Poresippr is a bioinformatics pipeline that automates the process of running Guppy for basecalling, barcoding and performs downstream analysis such as mapping with Minimap2 and Samtools. The script takes a CSV input file containing the necessary parameters and runs in a loop, continuously processing new data every 30 minutes.
Python 3.x
Guppy basecaller ( This uses nvidia gpu nodes) 6.5.7
Minimap2 2.24-r1122
samtools 1.13
Singularity (optional, when running with singularity container) 4.1.0
-
Python 3.0 sudo apt install python 3.12
-
Minimap2 Install minimap2 and installation instructions from here https://github.com/lh3/minimap2
-
samtools Install samtools from here https://www.htslib.org/download/
-
Guppy gpu installation Installation instructions are found here https://community.nanoporetech.com/docs/prepare/library_prep_protocols/Guppy-protocol/v/gpb_2003_v1_revax_14dec2018/linux-guppy
-
poresippr singularity container If you don't want to go through the above installation instructions, you can download the Singularity container from here https://zenodo.org/records/12628468. For this, you need to have Singularity installed. You can install it from here.
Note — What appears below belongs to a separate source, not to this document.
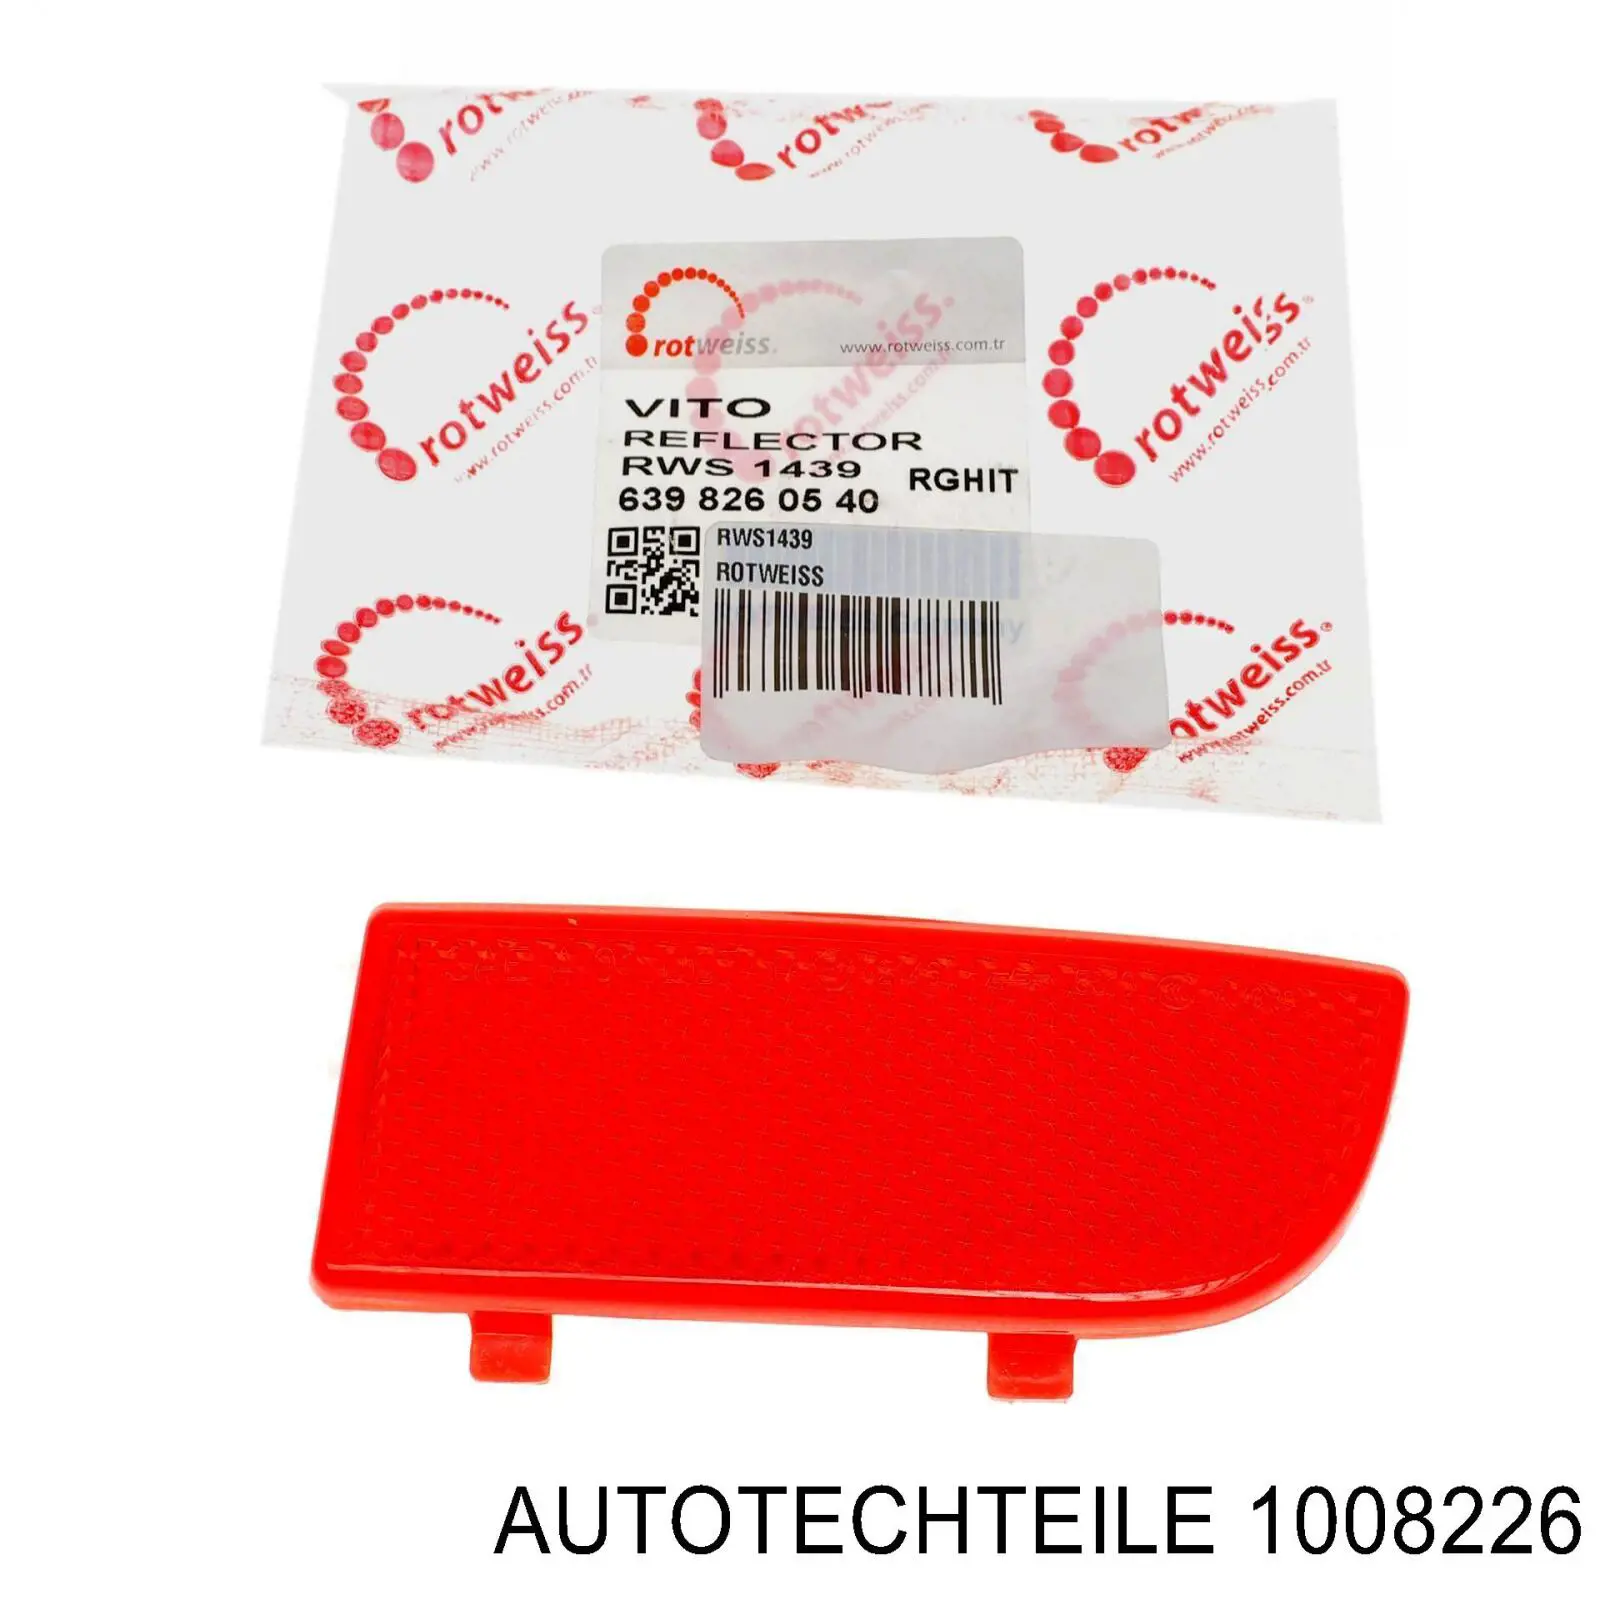 1008226 Autotechteile катафот (відбивач заднього бампера, правий)

Mathu Malar C [email protected]
Poresippr is a Python workflow designed to run while nanopore sequencing is in progress. This program performs GPU-accelerated Guppy basecalling, barcoding, and mapping with Minimap2 using the stx database. It calculates coverage and detects stx gene targets, facilitating the rapid detection of virulence genes. The database used is curated for stx genes to classify STEC types. Additionally, this program runs every 30 minutes, processing new nanopore data as it becomes available. The Poresippr database is not available for public usage yet.
-
guppy basecalling: Currently, this program uses the Nanopore Flowcell version R10.4.1 and the barcode kit SQK-RBK114.24. Running Guppy requires NVIDIA GPU nodes. The program also uses the
dna_r10.4.1_e8.2_260bps_fast.cfg
settings, which typically come with the Guppy installation. -
Read Mapping: Minimap2 is used for mapping nanopore reads with the Poresippr database and detects gene targets using samtools. It outputs a CSV file every 30 minutes containing gene targets and genome coverage for each of the sample. .
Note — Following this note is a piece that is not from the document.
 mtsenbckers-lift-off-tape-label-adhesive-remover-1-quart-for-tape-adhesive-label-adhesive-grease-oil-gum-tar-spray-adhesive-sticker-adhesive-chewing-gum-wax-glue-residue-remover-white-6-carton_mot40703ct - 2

An input CSV file containing the following information is needed. It should include:
- The location of the Poresippr database (reference)
- The path for nanopore FAST5 reads
- The path where output files, such as CSV and barcoded reads, will be saved
- The appropriate model/config required for basecalling
- The barcode kit used during sequencing
- The barcode numbers
input.csv
:
reference,fast5_dir,output_dir,config,barcode,barcode_values
/home/olcbio/PoreSippRDB_240509.fasta,/home/olcbio/240125_MC26299/test,/home/olcbio/240125_MC26299/test_out,dna_r10.4.1_e8.2_260bps_fast.cfg,SQK-RBK114-24,"06,07,08,09,10,11"
Note
Ensure that the barcode numbers are enclosed in double quotes (") as shown in the barcode_values field. This is necessary to correctly parse multiple barcode values.
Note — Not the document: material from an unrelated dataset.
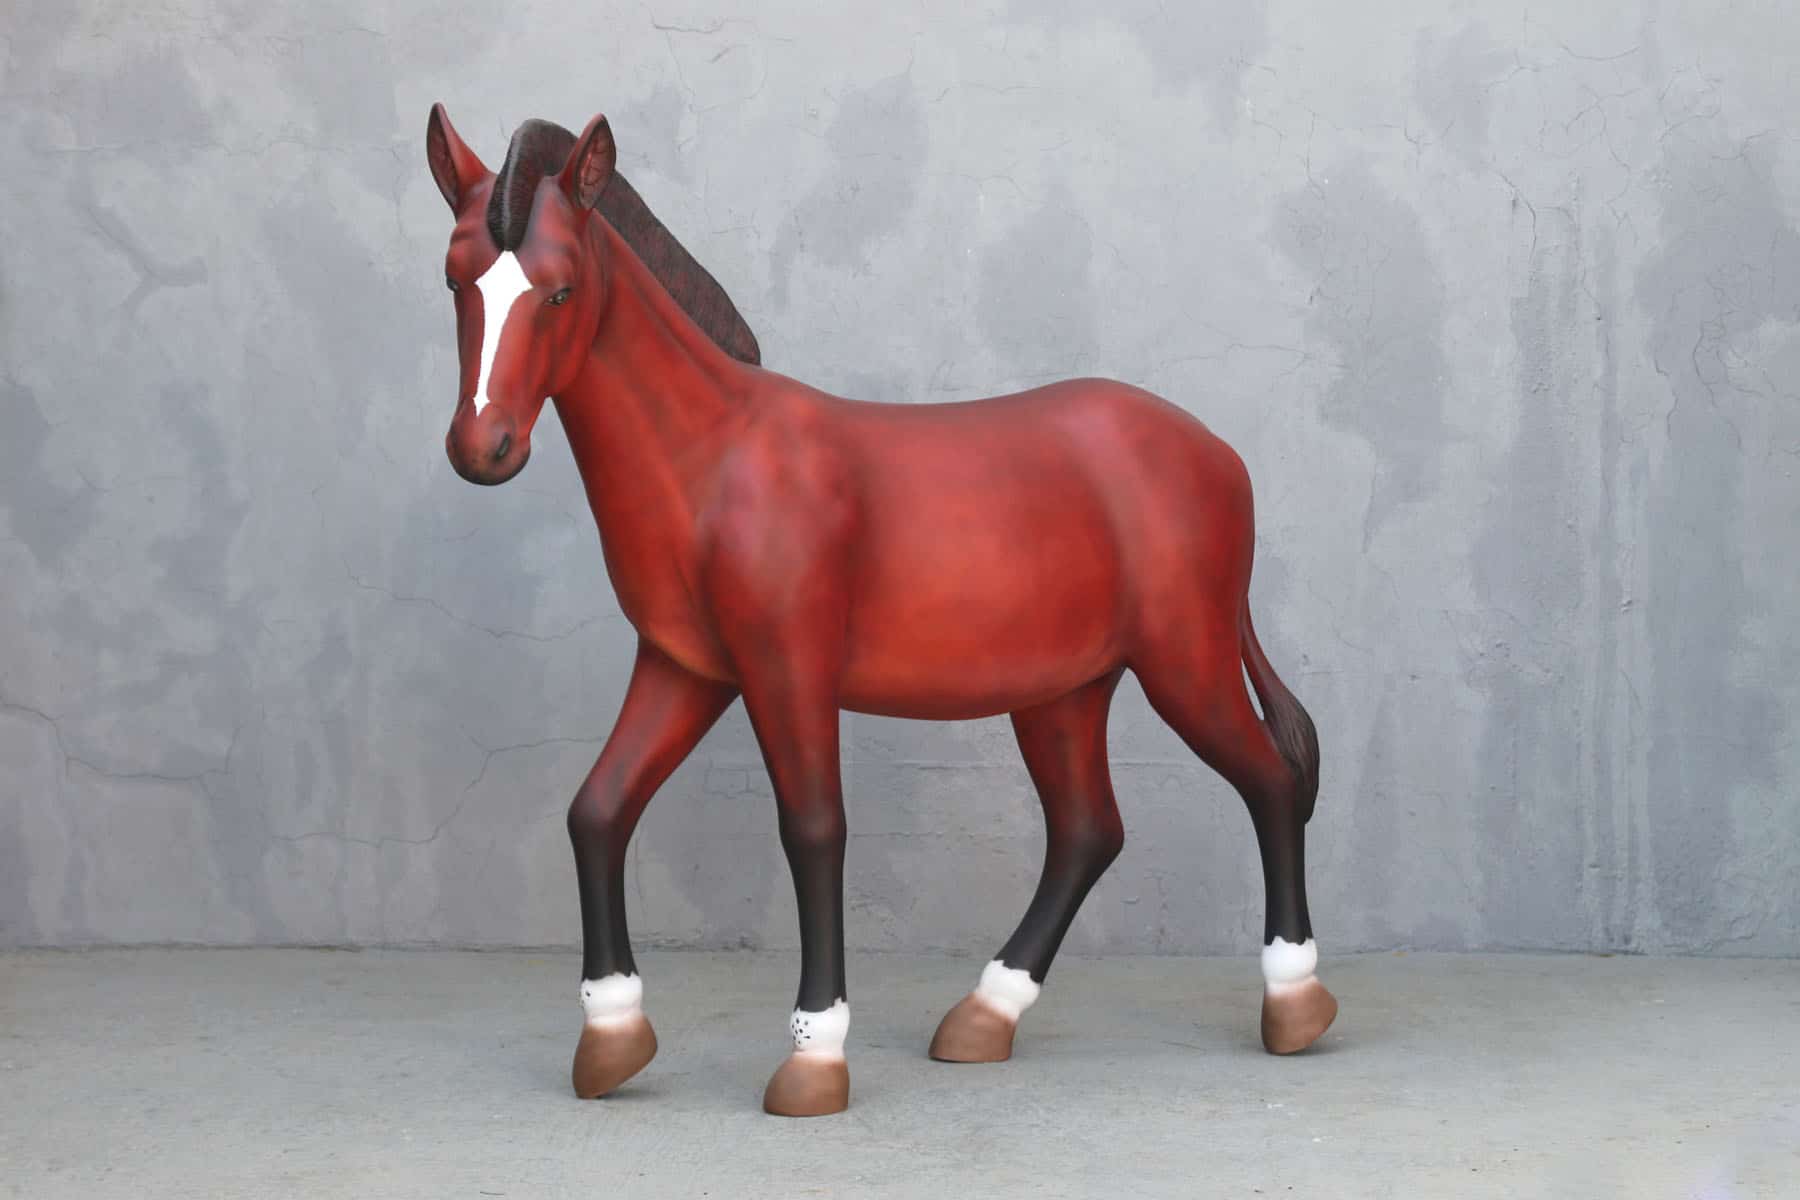 פסל של סוס ערבי

Metadata CSV file containing the following information is needed. It should include:
- The sequence Id information
- Barcode numbers
- OLC strain ids
metadata.csv
:
Barcode,SEQID,OLNID
06,2022-MIN-0023,OLCX1
07,2023-MIN-0024,OLC2
08,2023-MIN-0025,OLC3
09,2024-MIN-0026,OLC4
10,2024-MIN-0028,OLC5
To run the Python script, use the following command:
git clone https://github.com/madhubioinfo/poresippr_code.git
cd poresippr_code
python poresippr_basecall_scheduler.py input.csv Metadata.csv
To build the singularity container and run from here use the below command [ need to have sudo access and GPU]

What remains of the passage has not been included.